I agree they do look nice! I have some 1 1/2" dia brass bar, enough to make up for my mistakes...

I don't know that mine will turn out this well, but here's a link to some made in the UK, and have brass cylinder covers:

http://www.myford-lathes.com/steam41.html

-Vern
N7GTB



jpdenver said:


> Vern,
> 
> I recommend you use Brass.  I have seen this engine with them and
> it looks fantastic.   ...
> ...


----------



## MickeyDD (Jul 1, 2017)

Hello Jim,
I also live in Denver and want to get into making small IC engines. I would like to meet you and see your shop to get some ideas how to begin. What is the best way to contact you?
Thanks,
Michael


----------



## mechman48 (Jul 2, 2017)

Nice engine & runner Jim :thumbup:   I have 3 engines built from Stuarts kits; 10V, Progress horizontal & a S50 stationary that I have recently completed so your in good company. I also have 3 oscillators & an educational model paddle steamer engine.
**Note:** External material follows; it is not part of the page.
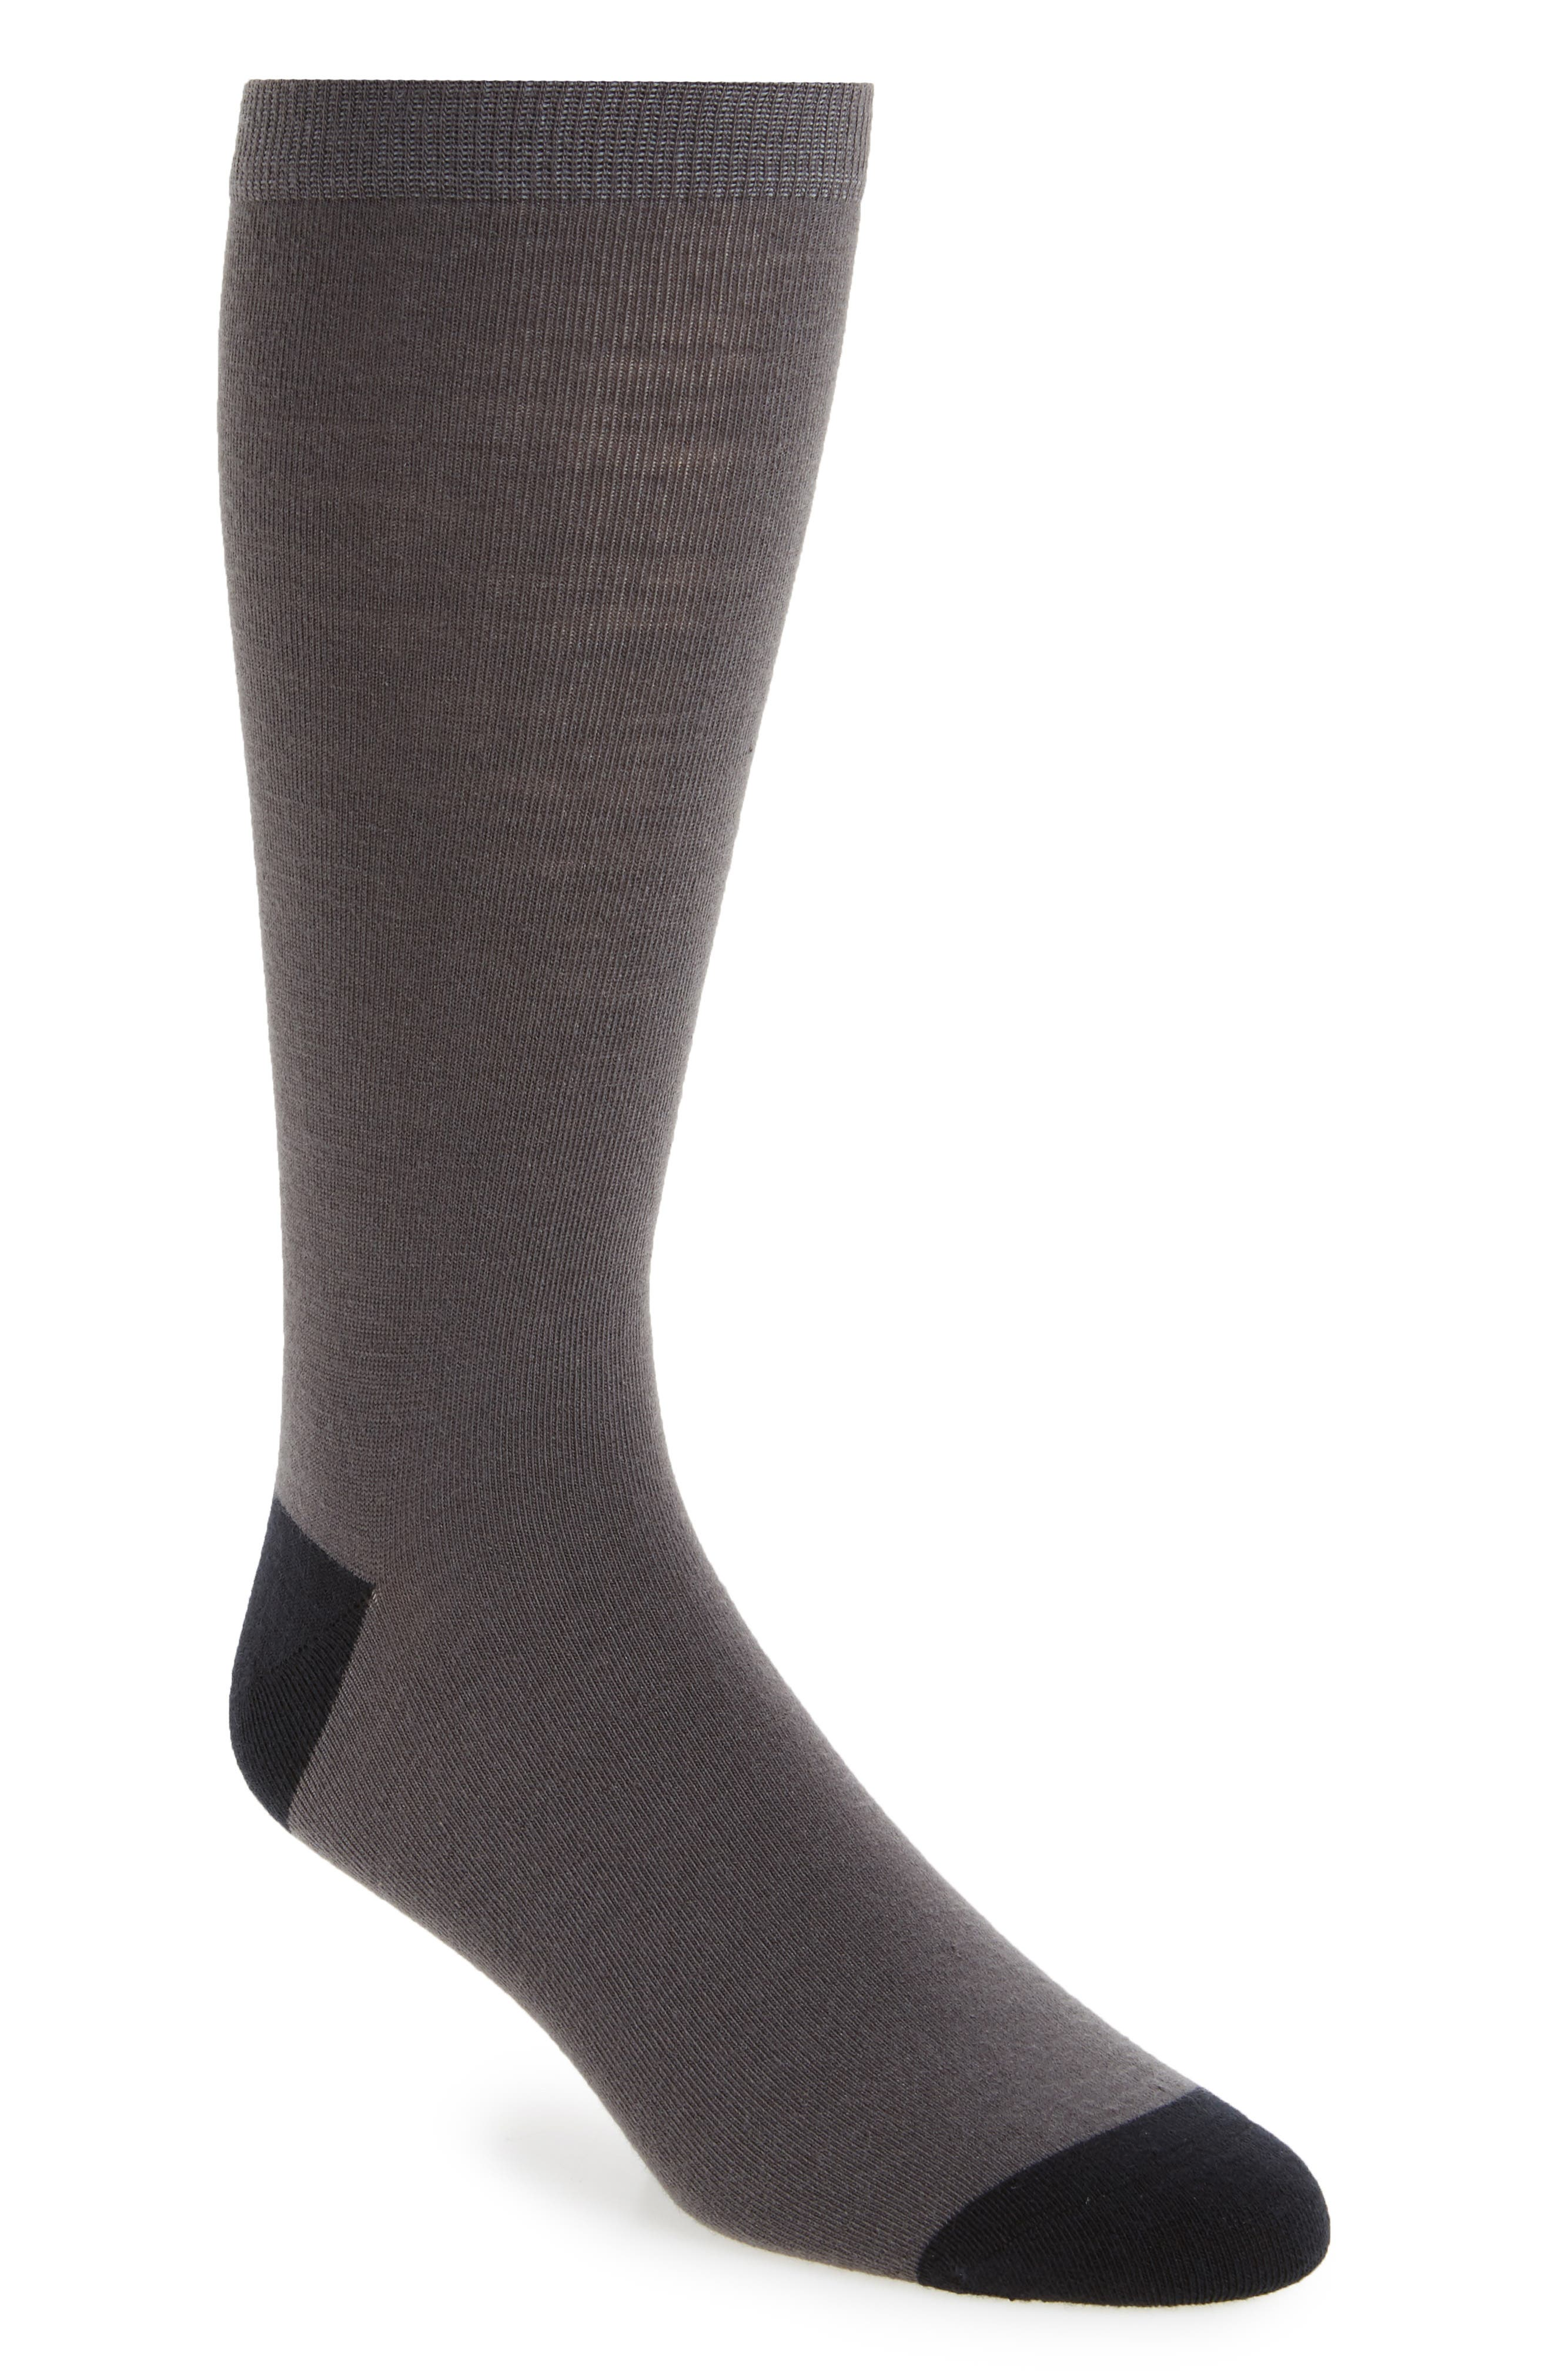 Colorblock Socks,                         Main,                         color, Charcoal

https://youtu.be/avCCVGVa7f0

George.


----------



## jpdenver (Jul 2, 2017)

Hello again,


MickeyDD - I sent you a PM.

Mechman48,
Your S50 looks beautiful.  My results are a bit cruder at this point but getting better.


I am starting on the Reversing Gear for this engine. I Spent the last 6 months
on my other hobby, building model boats.  Here is this year's build.


[ame]https://www.youtube.com/watch?v=yWD16jaqrBc[/ame] 



Now I will get back to cutting swarf.


Regards, 

Jim Pope
Denver, CO
USA


----------